According to Harvard Medical School instructor and clinical psychologist Dr. Craig Malkin, despite being in what amounts to the early stages of social media use as a society, already, particular "themes" are emerging in terms of the effects it has on individual users:
     We're really just in the infancy when it comes to this research, but there are some themes that are emerging. And one of the clearest themes is when people go on Facebook, they're often crafting a persona - they're portraying themselves at their happiest. They're often choosing events that feel best to them and they're leaving out other things. (Shea "Facebook Envy: How Social Networks Affects Our Self-Esteem")

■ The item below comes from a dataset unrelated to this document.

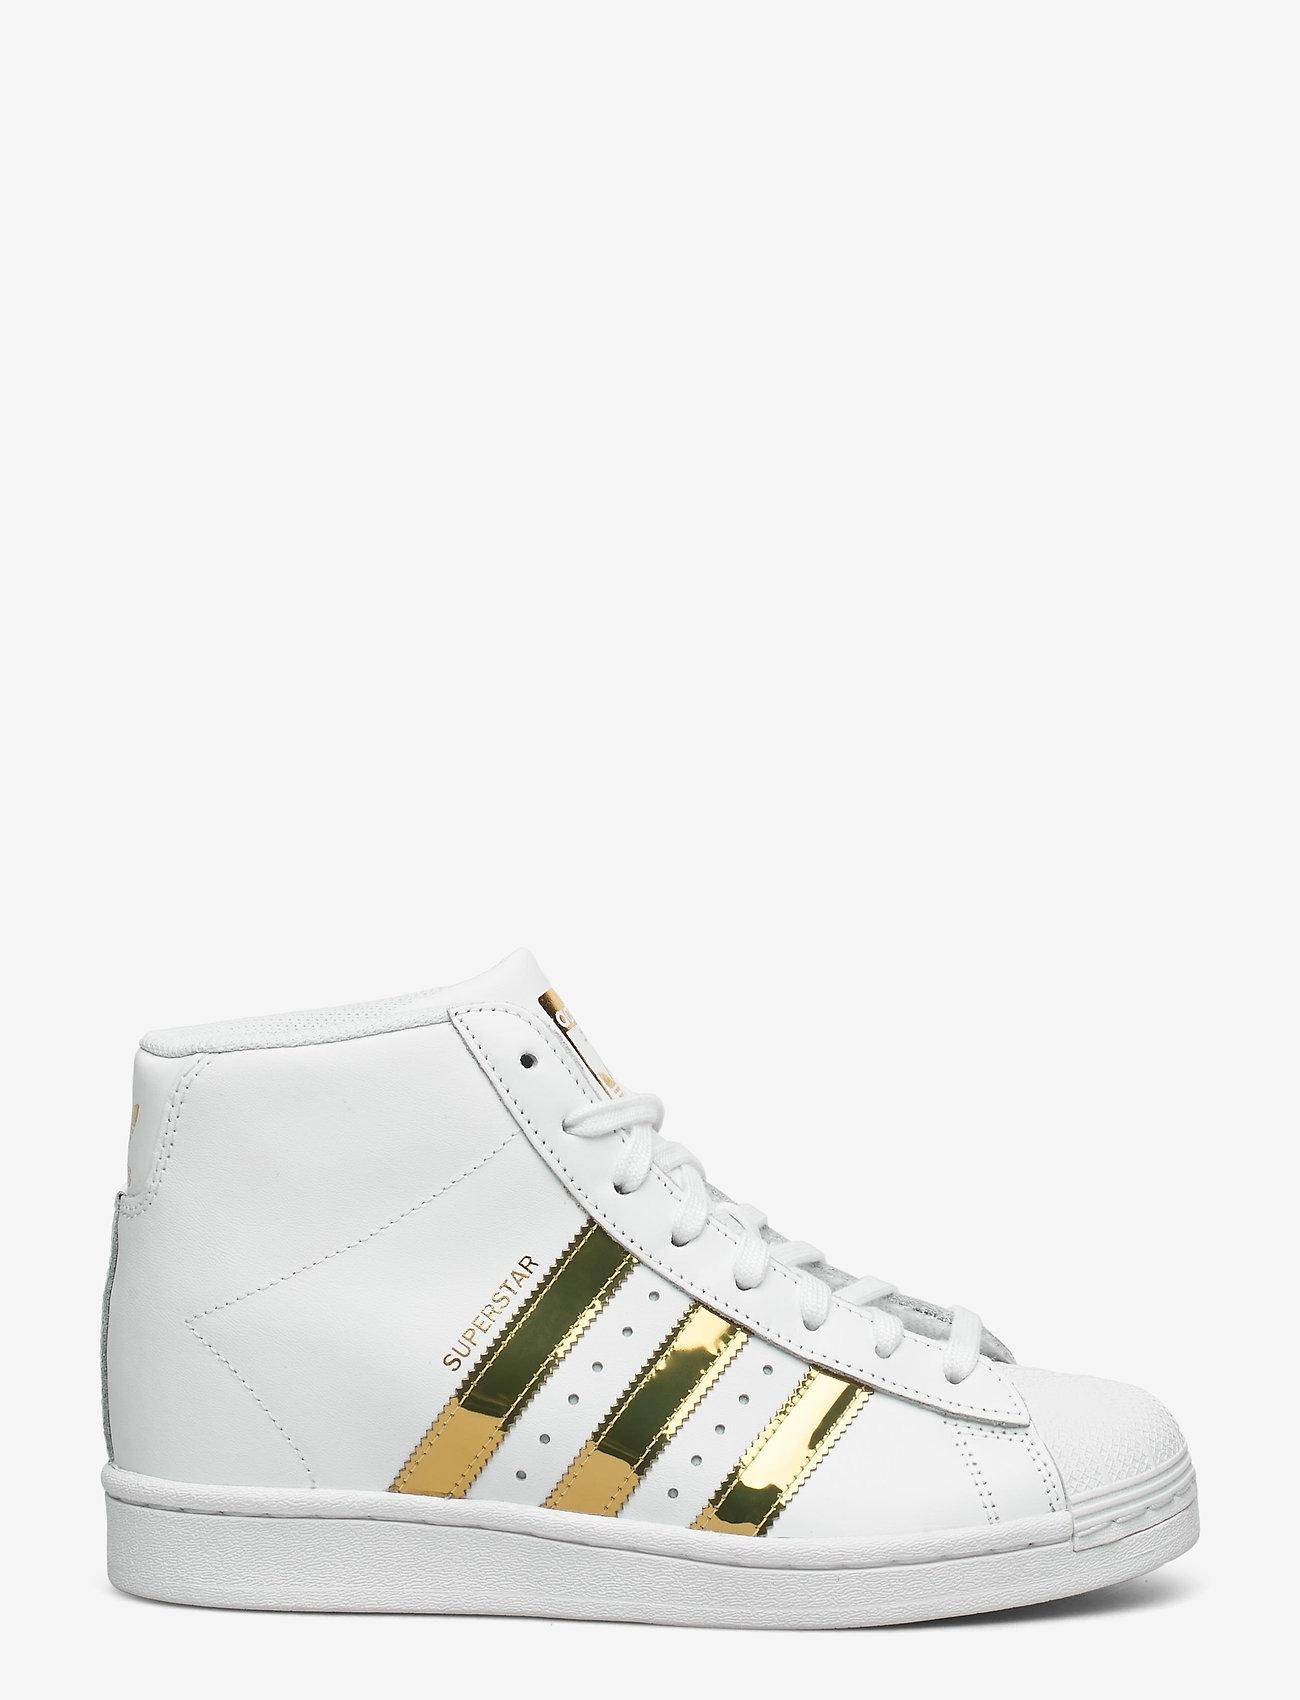 adidas Originals - SUPERSTAR UP W - hoge sneakers - ftwwht/goldmt/cblack - 1

     In this way, the effect of what Jaques Lacan referred to as "the mirror stage" can be seen occurring in the tension between how we wish to be seen online, and how we are in our daily lives, between our preferred interpretations of ourselves in the liminal world of Facebook, and in the exigent reality of our lived experience (Lacan 442). As Lacan writes, "we have only to understand the mirror stage as an identification, in the full sense that analysis gives to the term: namely, the transformation that takes place in the subject when he assumes an image". On Facebook, subjects quite literally and directly transform themselves into images, placing themselves into an economy of photos and profiles. Like Plato's difference between Forms and Appearances, between things as they truly are, and things as we experience them, Facebook as a mirror realm provides a space in which to create a reflection oneself, one that tends to be idealized. As an interview subject in the article in which Dr. Malkin speaks, teenager and sophomore Chloe Miller explains "You can literally airbrush your pictures online, for free. I know, I've done this. You can upload your picture and you can take out all the little pimples and stuff to make it look like your skin is perfect, your hair is perfect" (Shea). This, to me, is Lacan's mirror-stage in action: we internalize an image of ourselves as othered in the presence of the mirror; we compare ourselves to this idealized, imagined notion of wholeness; we gaze into the mirror, reflected, and dwell in the uncomfortable intensity of the difference between the wholeness we imagine, and the self that we see. 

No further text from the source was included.